Using dzinfo

The dzinfo command line program provides detailed information about the effective rights, role definitions, and role assignments for a specified user. The command output includes all of the same information that you can view using the Authorization Center as described in Using the Authorization Center directly on managed computers. However, using dzinfo as a command line utility allows you to view and capture all of the output from the command in a single window, which you can then save as a text file for troubleshooting and analysis or in reports.

The syntax for the dzinfo program is:

dzinfo [/v] [user_name] [/h]

The /v is an optional argument that enables you to view verbose output for the command. The user_name is an optional argument that enables you to view information for the specified user account. However, you must be logged on as a local administrator to specify the user_name argument. If you log on with an account that does not have local administrative privileges you cannot return authorization information for another user account.

If you run the dzinfo command without the user_name argument, the command returns authorization information for the currently logged-on user account.
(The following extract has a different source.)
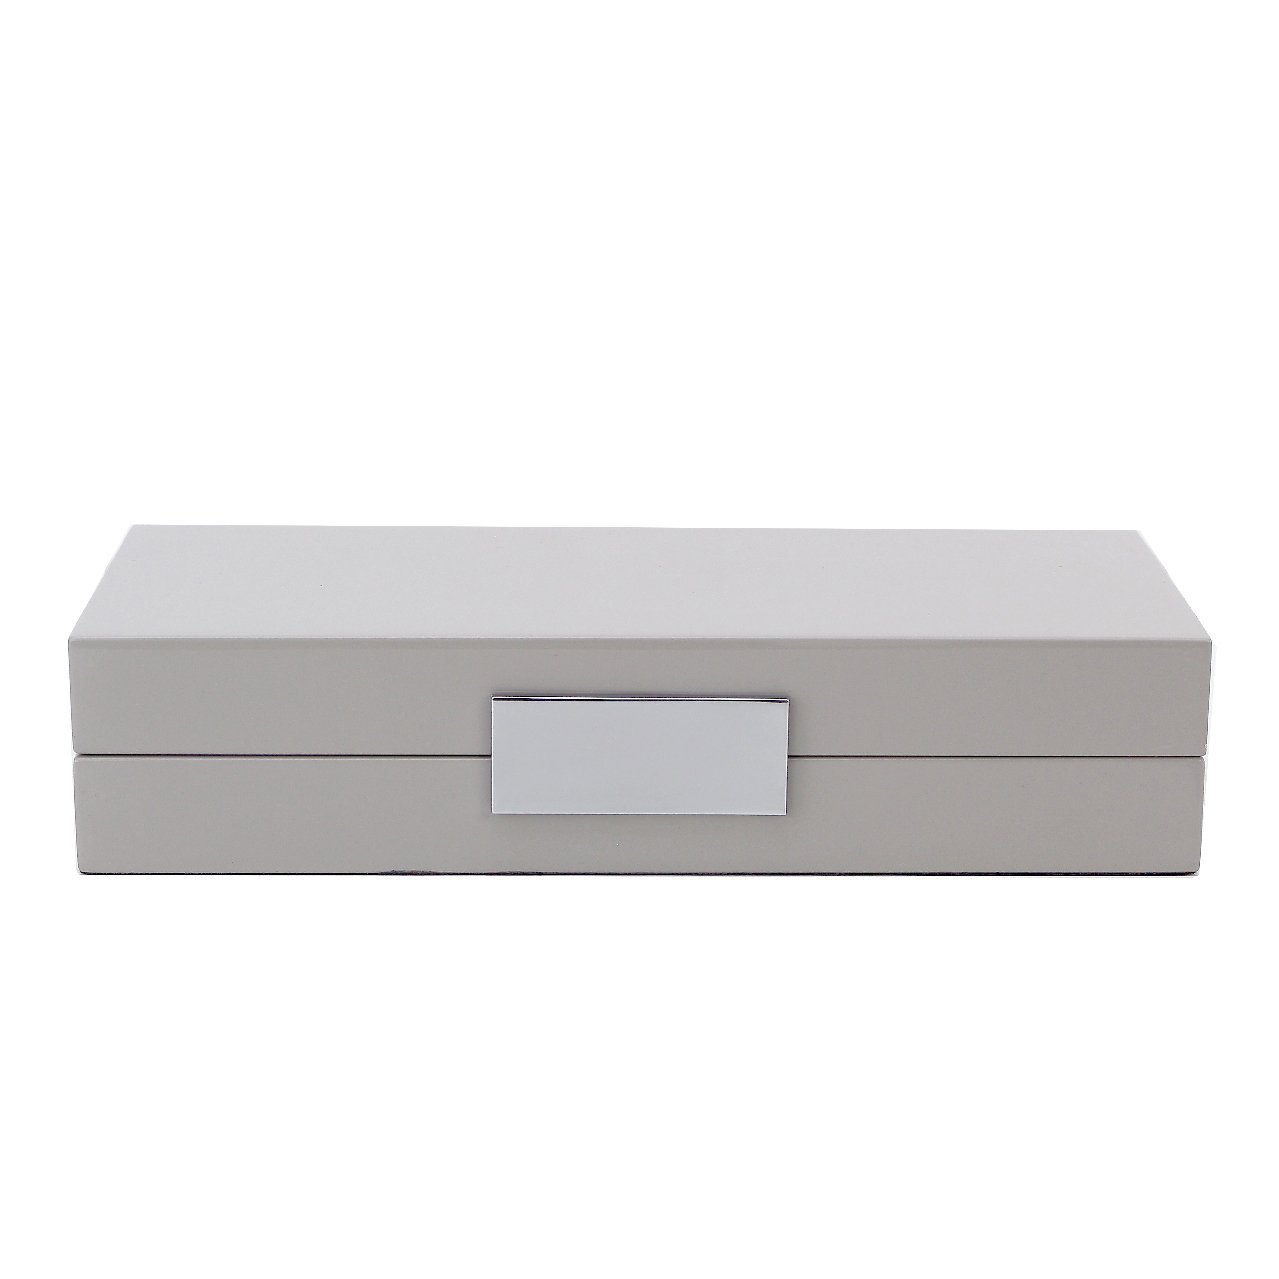 Chiffon Lacquer Box With Silver - Addison Ross Ltd UK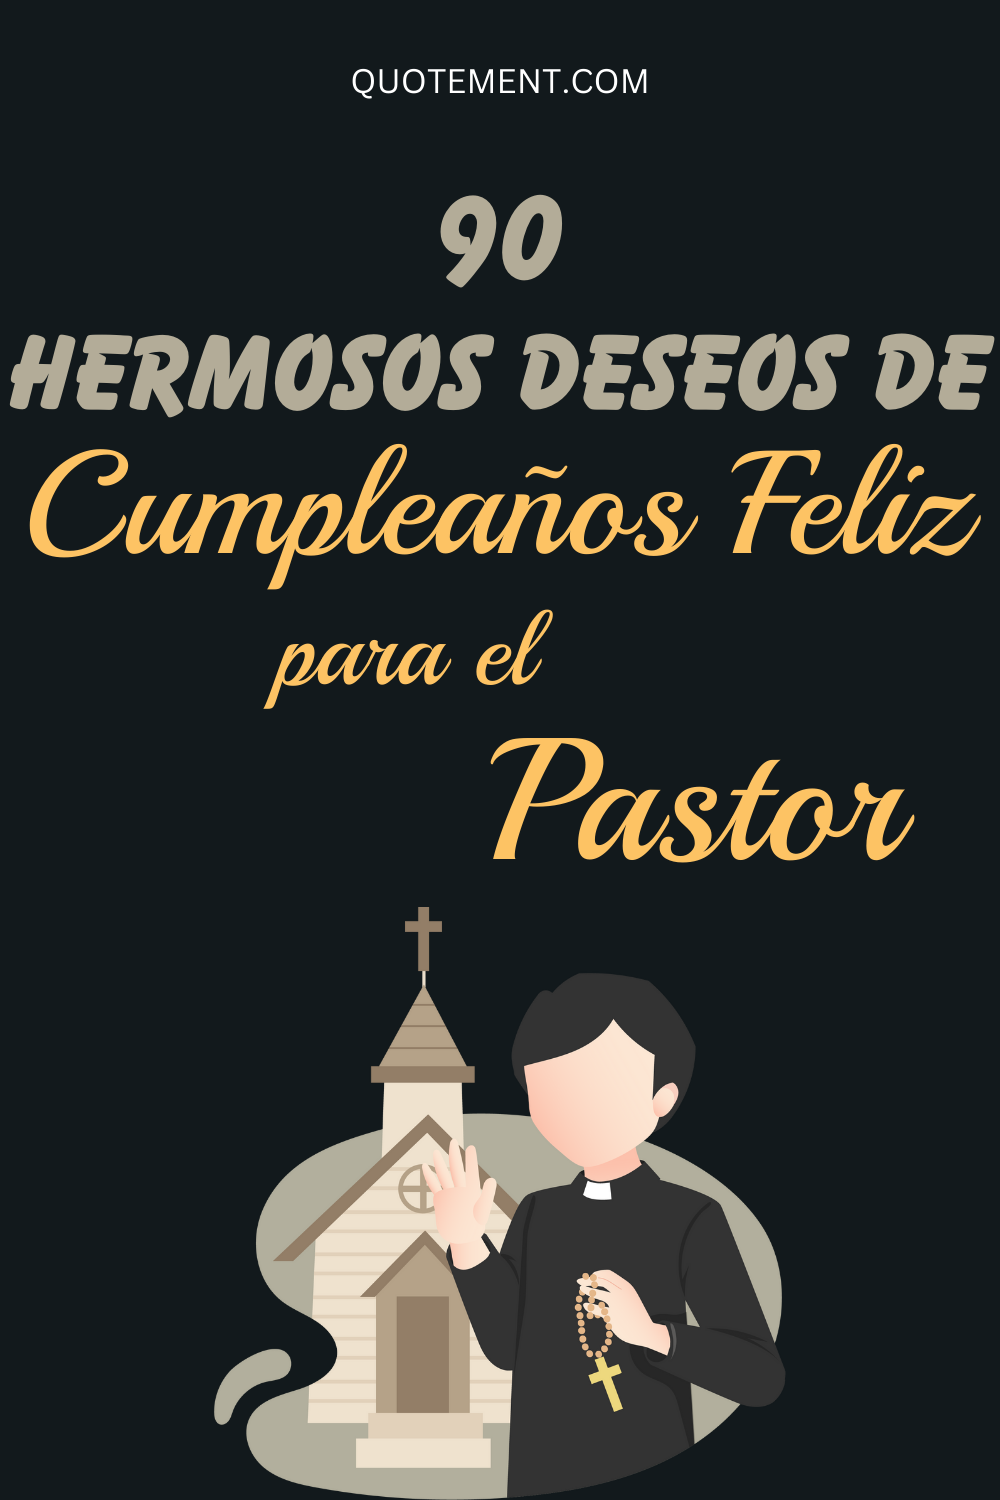 90 Hermoso Feliz Cumpleaños Pastor Deseos y Mensajes

The command returns detailed information about the rights, roles, and role assignments for the specified user (richl in the AJAX domain) similar to the following:

From the Centrify Access Manager

Effective roles for AJAX\richl:

   Domain Admin/portland

      Zone:    CN=portland,CN=global,CN=Zones,OU=Centrify,DC=ajax,DC=org

      Status:  Active

   Windows Login/global

      Zone:    CN=global,CN=Zones,OU=Centrify,DC=ajax,DC=org

      Status:  Active

Effective Login Rights for AJAX\richl:

   Console Login: Permitted

      Audit Level: Audit if possible

   Remote Login: Permitted

      Audit Level: Audit if possible

   PowerShell Remote Access: Permitted 

      Audit Level: Audit if possible
                                      

Role Assignments for AJAX\richl:

   Domain Admin/portland

      Status:        Active

      Account:       AJAX\richl

      Scope:         Zone

      Zone:          ajax.org/Centrify/Zones/global/portland

      Local Role:    No

      Network Role:  Yes

      Effective:     Immediate

      Expires:       Never

   Windows Login/global

      Status:        Active

      Account:       AJAX\Domain Admins

      Scope:         Zone

      Zone:          ajax.org/Centrify/Zones/global

      Local Role:    Yes

      Network Role:  No

      Effective:     Immediate

      Expires:       Never

Role Definitions:

   Domain Admin/portland

      Status:          Active

      Description:     None

      Zone:            CN=portland,CN=global,CN=Zones,OU=Centrify,DC=ajax,DC=org

      Login Permitted: No

      Audit Level:     Audit if possible

      Rescue Right:    No

					Require MFA:    No

      Available Hours: All

      Rights:

         ADUC/portland

            Type:                   Application

            Description:            None

            Priority:               0

            Run As:                 AJAX\Administrator

            Application:            mmc.exe

            Path:                   C:\Windows\system64

                                    C:\Windows

                                    C:\Program Files

                                    C:\Program Files (x86)

                                    C:\Windows\SysWOW64

            Arguments:              "C:\Windows\system64\dsa.msc"

            Match Case:             No

            Require Authentication: No

            Application Criteria:

               None

         Domain Admin Network Access/portland

            Type:                   Network Access

            Description:            None

            Priority:               0

            Run As:                 AJAX\Administrator

            Require Authentication: No

   Windows Login/global

      Status:          Active

      Description:     Predefined system role for general Windows login users.

      Zone:            CN=global,CN=Zones,OU=Centrify,DC=ajax,DC=org

      Login Permitted: Console & Remote & PowerShell Remote

      Audit Level:     Audit if possible

      Rescue Right:    No

      Available Hours: All

      Rights:

         None

Computer is joined to zone ajax.org/Centrify/Zones/global/portland

Auditing for AJAX\richl:

   Session ID 2:

      Desktops:

         Default: Not currently auditing.

Auditing is not available on this computer.